EXERCISE DETAILS:
Send back the data below exactly. Drop every picture.

::: DATA

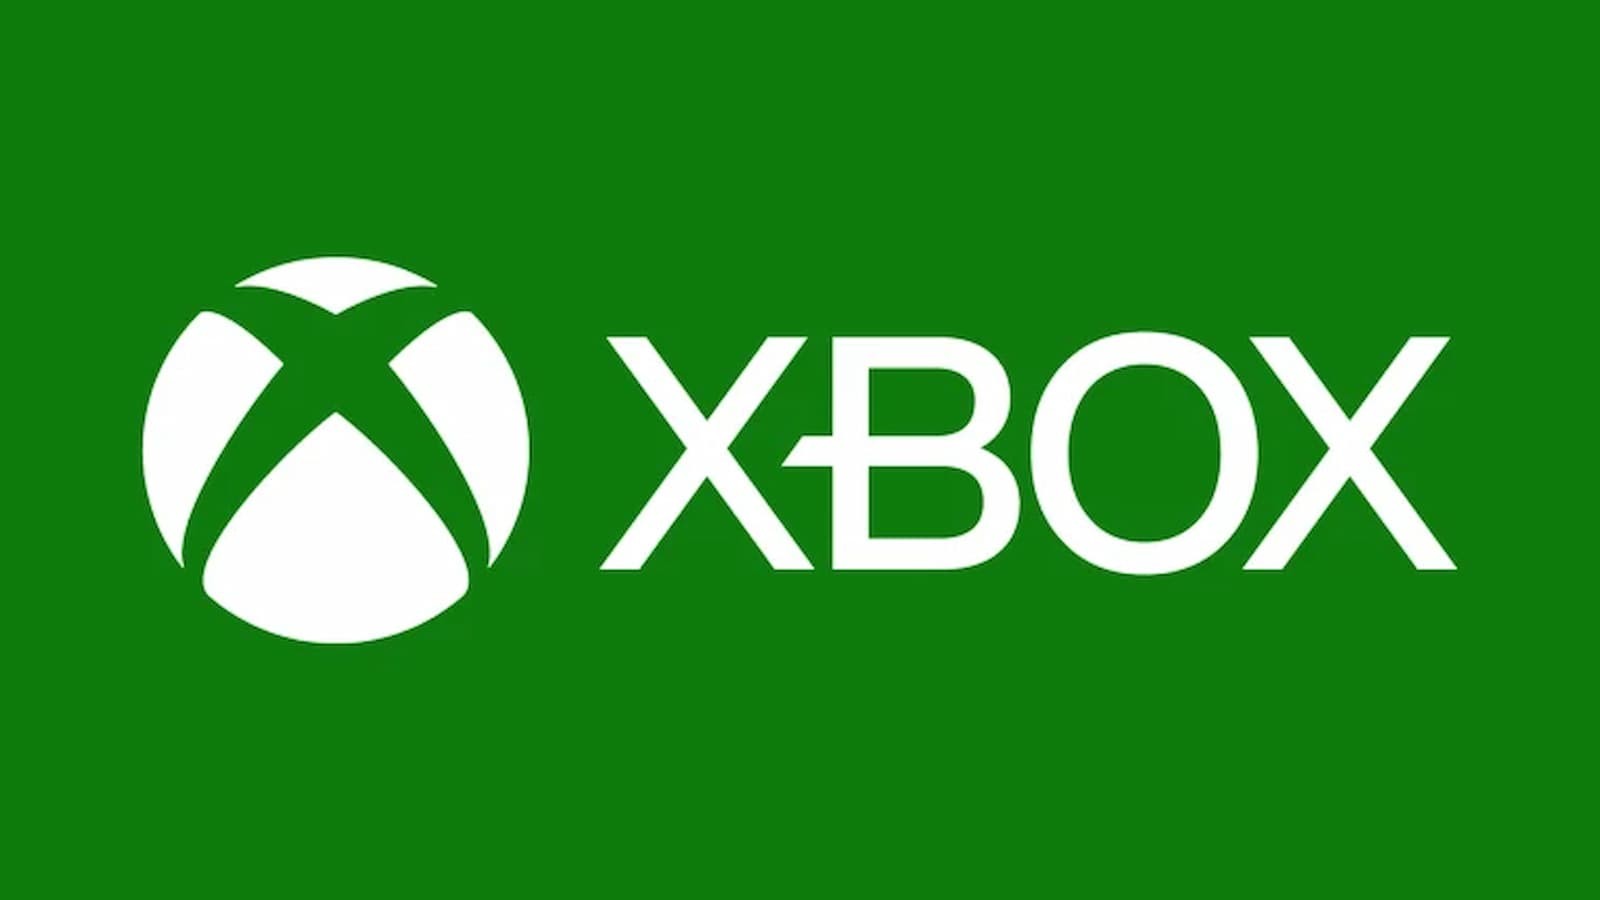 Many lament Xbox's recent acquisition spree as the potential reason behind today's studio closures.
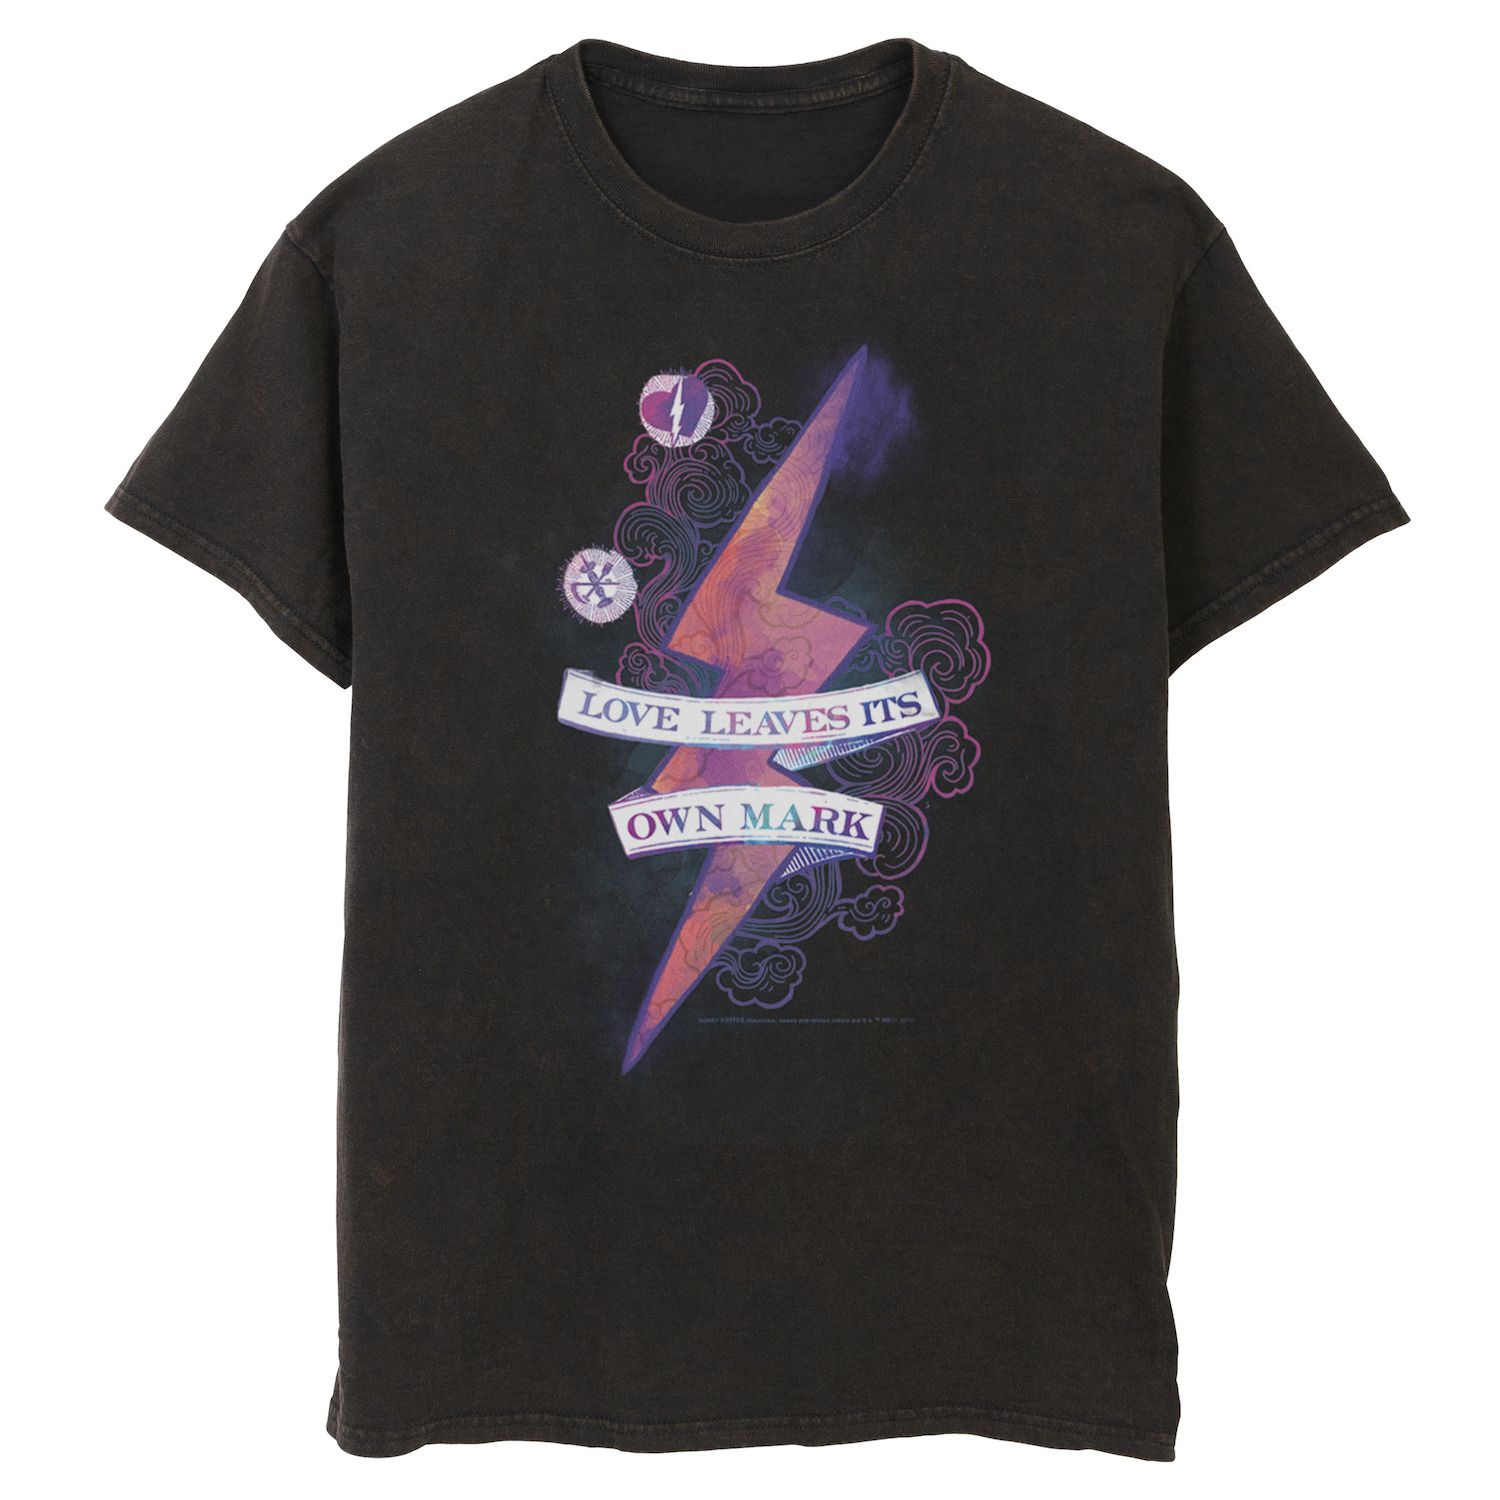 Image for Harry Potter Men's Love Leaves It's Own Mark Graphic Tee at Kohl's.
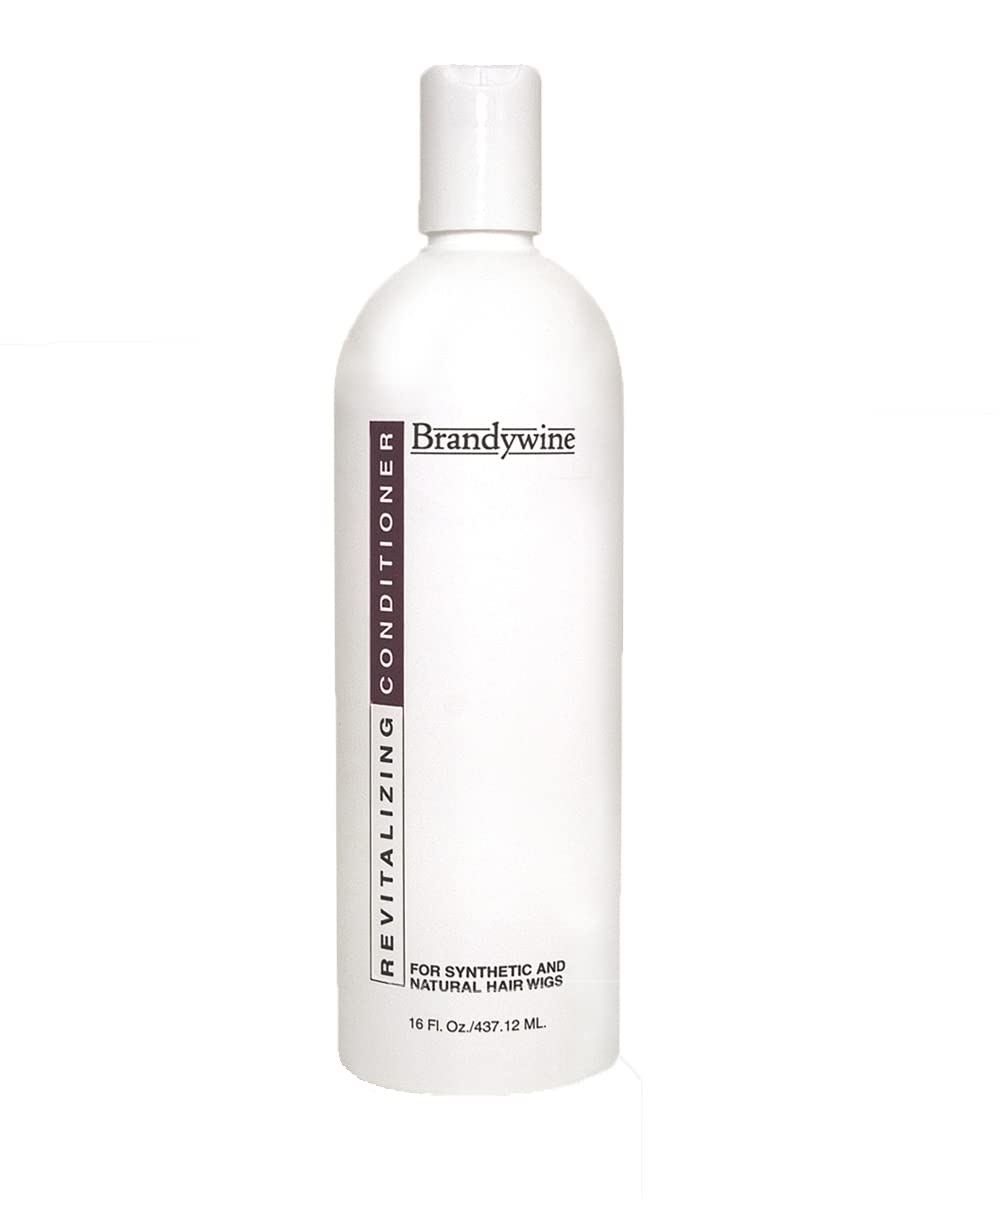 Brandywine Revitalizing Conditioner for Synthetic and Natural Hair Wigs, 8 Ounce
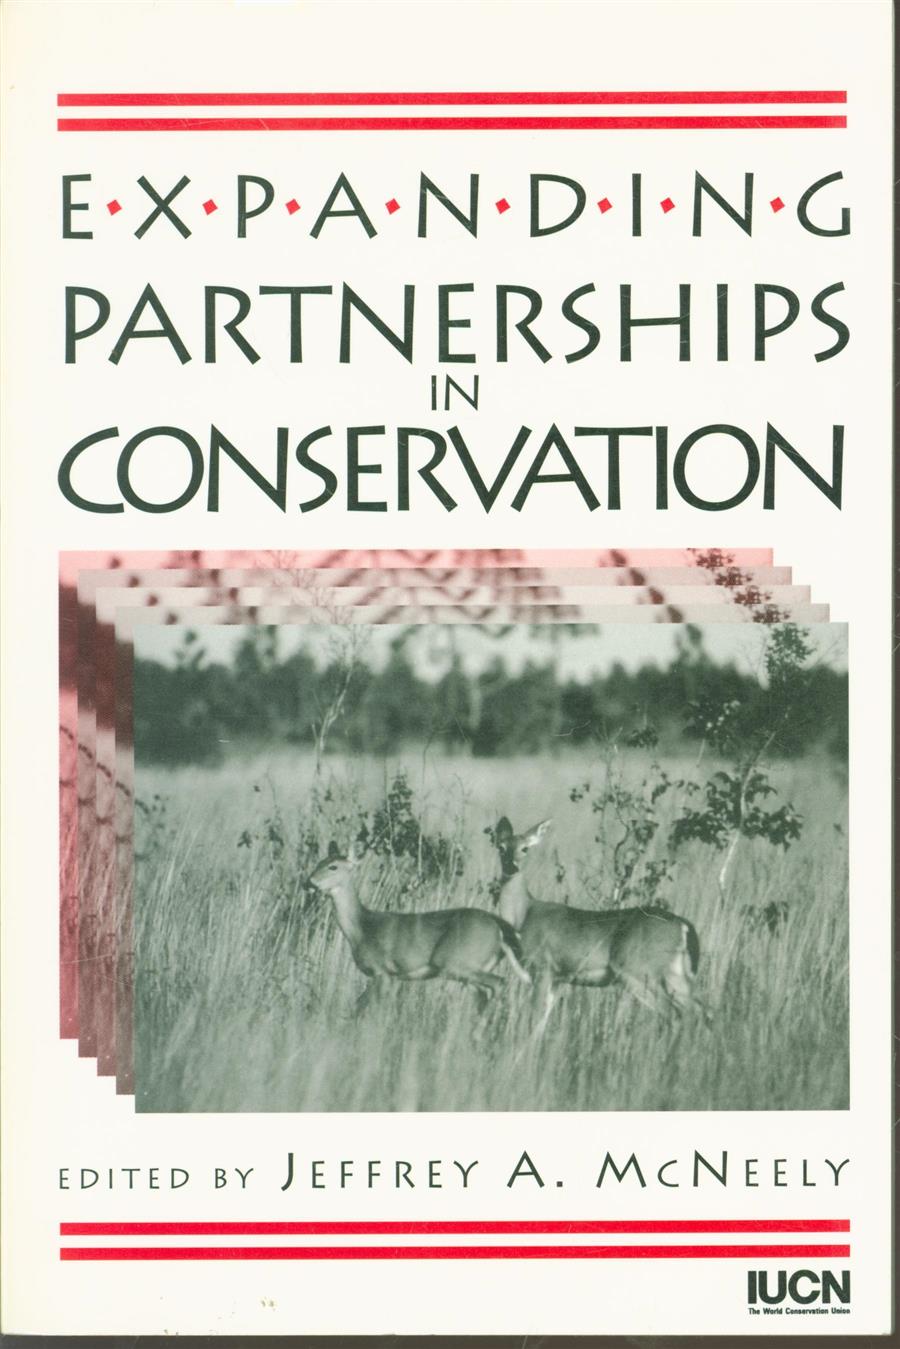 Jeffrey A McNeely, International Union for Conservation of Nature and Natural Resources., Workshop on the Economics of Protected Areas (1992: Caracas, Venezuela) - Expanding partnerships in conservation
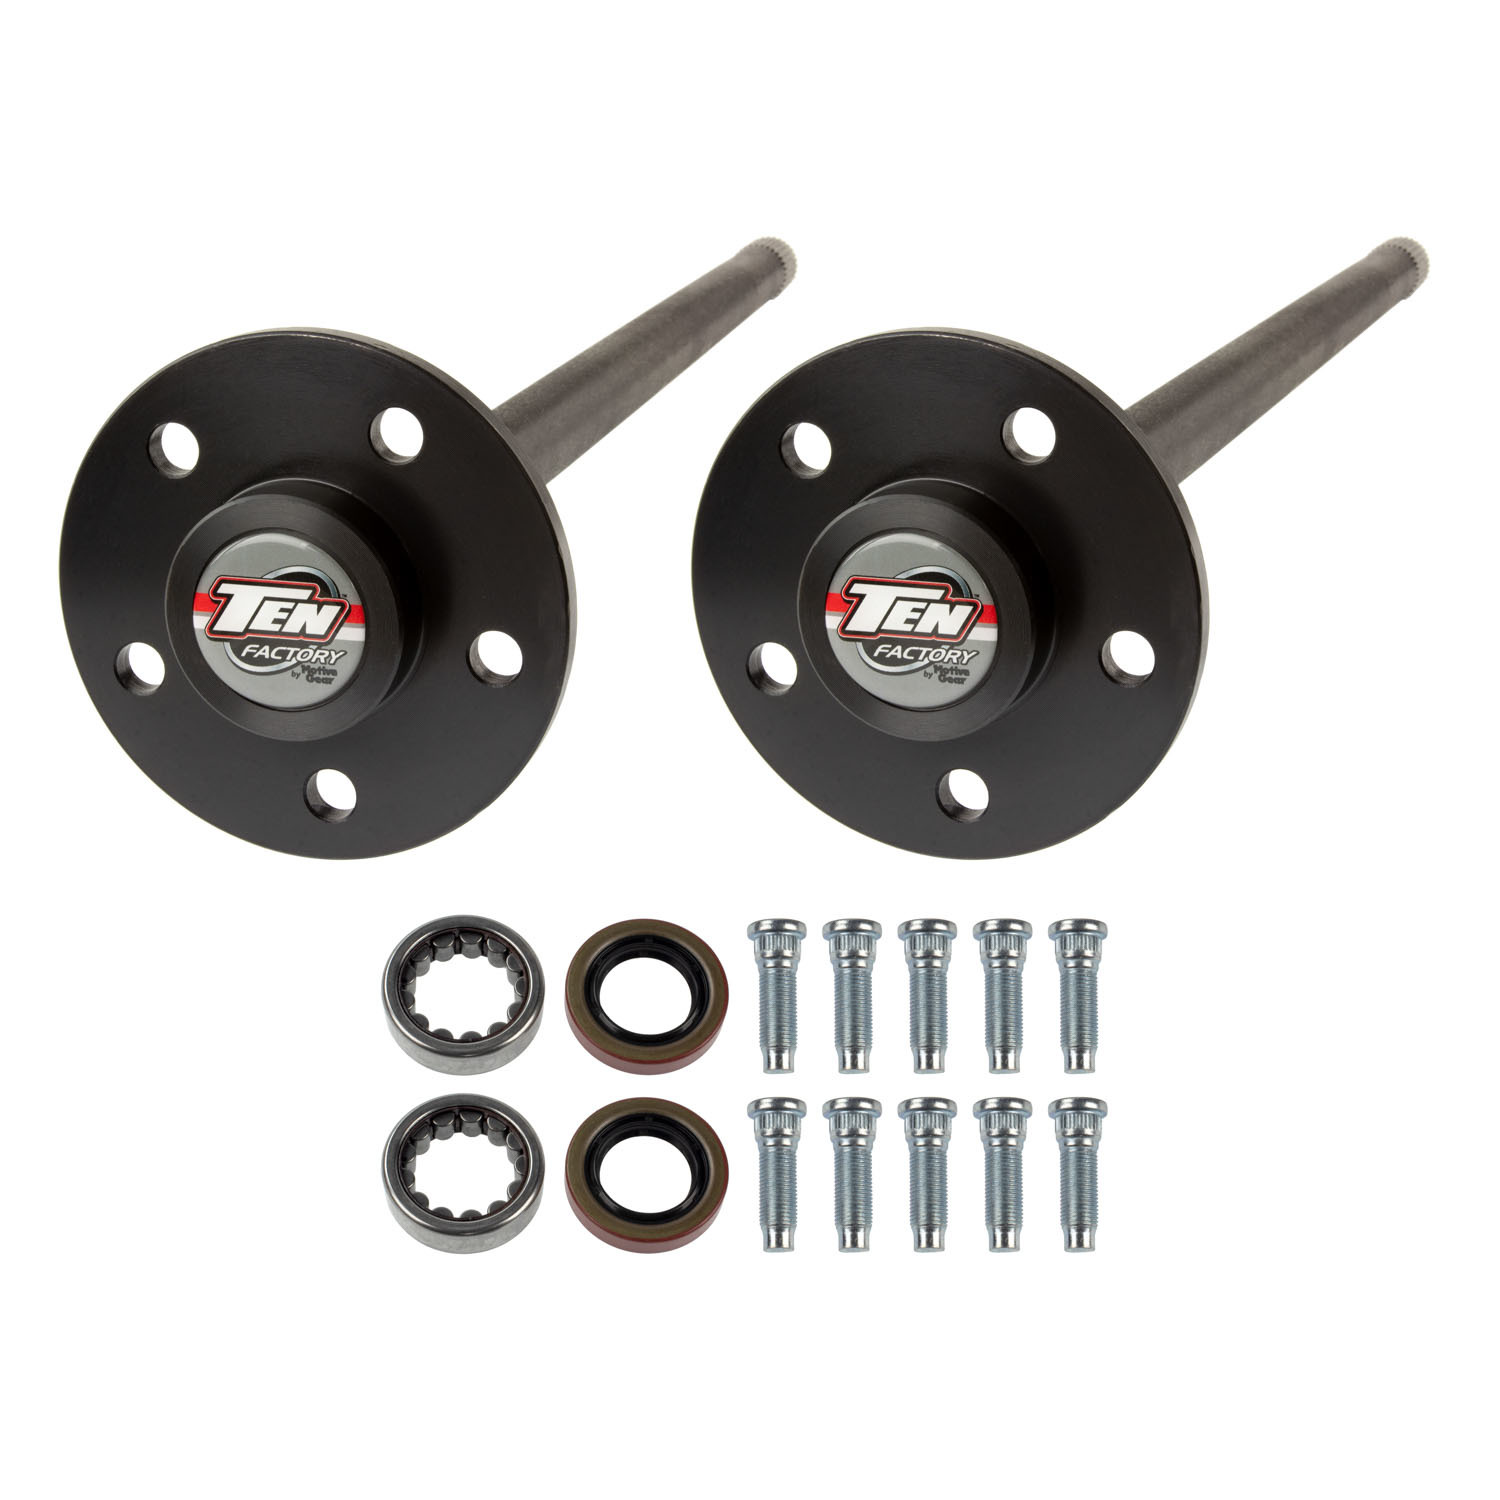 TEN Factory MG22185 Performance Axle Kit Fits 94-98 Mustang

::::::

SOLUTION TO THE EXERCISE:
 Many lament Xbox's recent acquisition spree as the potential reason behind today's studio closures.
 Image for Harry Potter Men's Love Leaves It's Own Mark Graphic Tee at Kohl's.
 Brandywine Revitalizing Conditioner for Synthetic and Natural Hair Wigs, 8 Ounce
 Jeffrey A McNeely, International Union for Conservation of Nature and Natural Resources., Workshop on the Economics of Protected Areas (1992: Caracas, Venezuela) - Expanding partnerships in conservation
 TEN Factory MG22185 Performance Axle Kit Fits 94-98 Mustang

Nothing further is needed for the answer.